Опять долго-долго стоят на углу её переулка. У него скорбное, обиженное лицо. Он говорит, говорит:
— Маргарита Петровна, если вы когда-нибудь захотите меня увидеть, вы меня всегда найдёте. Запомните только, Михаил Булгаков. А я вас забыть никогда не смогу.
Наконец поворачивается и уходит. Она тоже уходит. Он смотрит ей вслед и невольно простирает к ней свои несчастные, несчастливые руки.

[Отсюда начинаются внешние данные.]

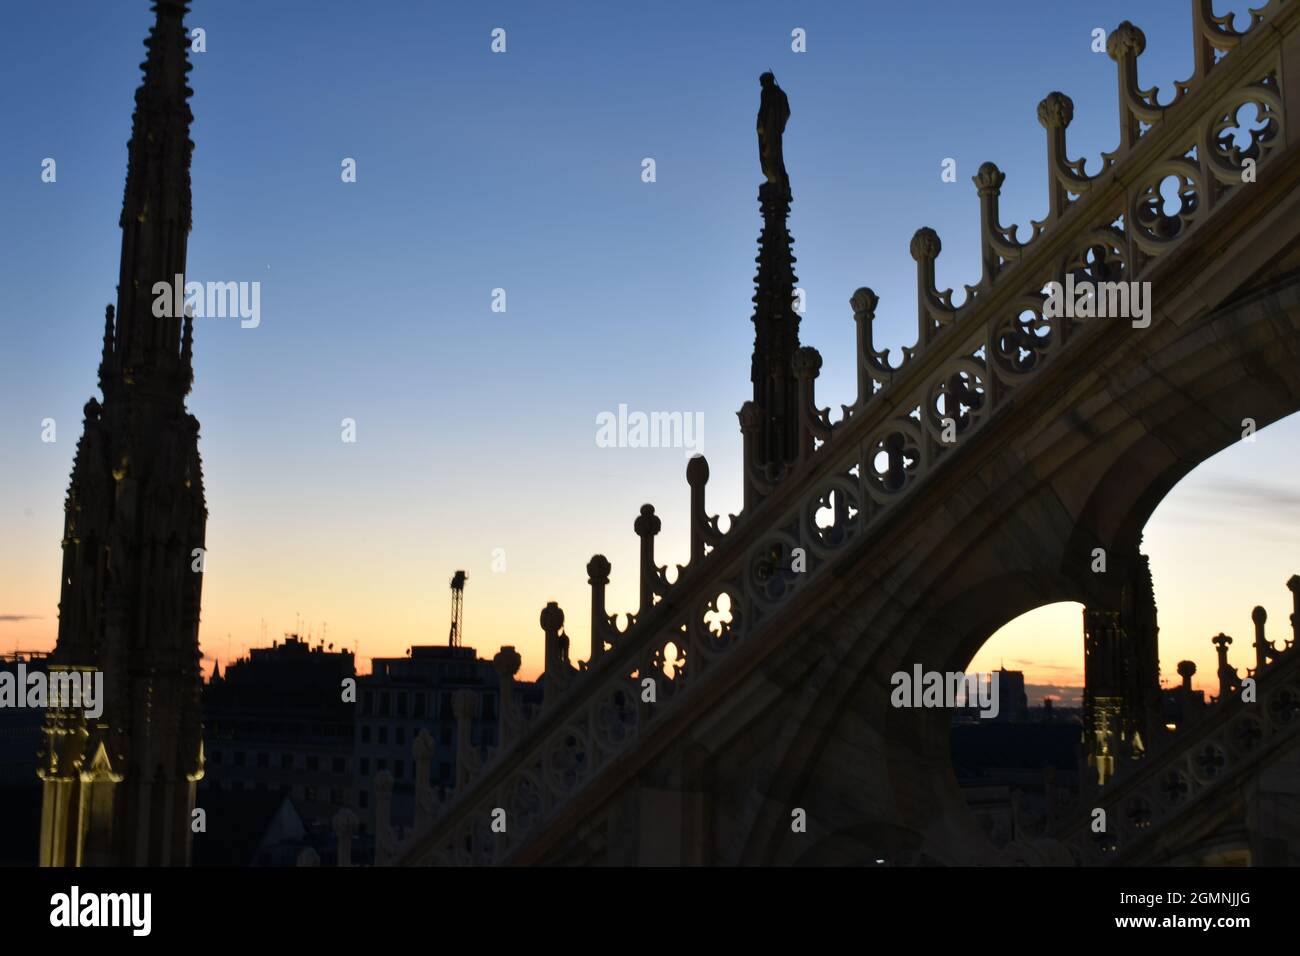 Sunset in background from rooftop of Duomo Di Milano Stock Photo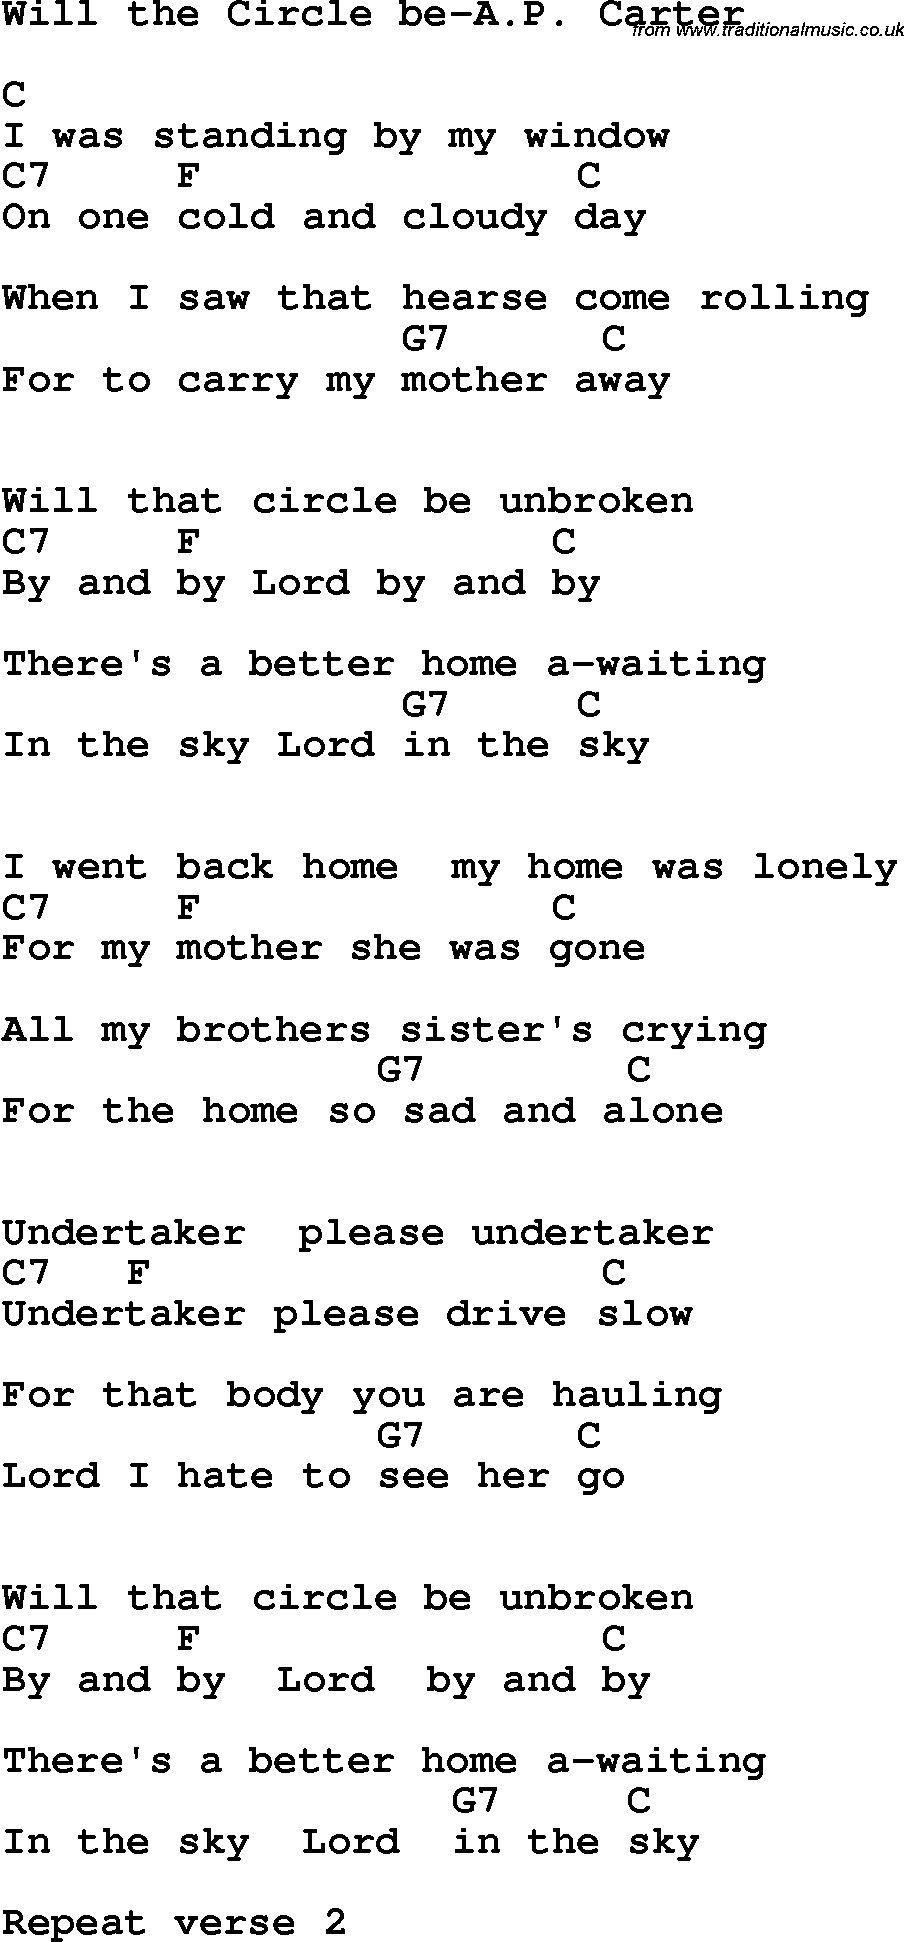 Country, Southern and Bluegrass Gospel Song Will the Circle be Unbroken-A P Carter lyrics and chords

И продолжает в своём скорбном одиночестве жить, бороться и тосковать. Тосковать об этой милой, привлекательной, нерешительной женщине, так странно пронёсшейся мимо него? Да, разумеется, и о ней. Но в особенности о том тосковать, что внезапно, верно, от одиночества, от этой невыносимой боли сердечной, от этого немилосердно давящего чувства, что брошен и обречён, в его заглохшей было душе вновь взмывают громадные замыслы, один привлекательней и манящей другого. Так ведь это прекрасно, воскликнете вы, мой добрый читатель! Бесспорно. Надо бы радоваться, смеяться и танцевать! Только в писательской жизни едва ли отыщется что-нибудь истязательней замыслов, которые не представляется возможным осуществить, без промедления выпустить из себя, шумящим потоком излить на бумагу, схвативши в руку, нет, к сожалению, не гусиное, гусиное только в мечтах, а простое стальное перо.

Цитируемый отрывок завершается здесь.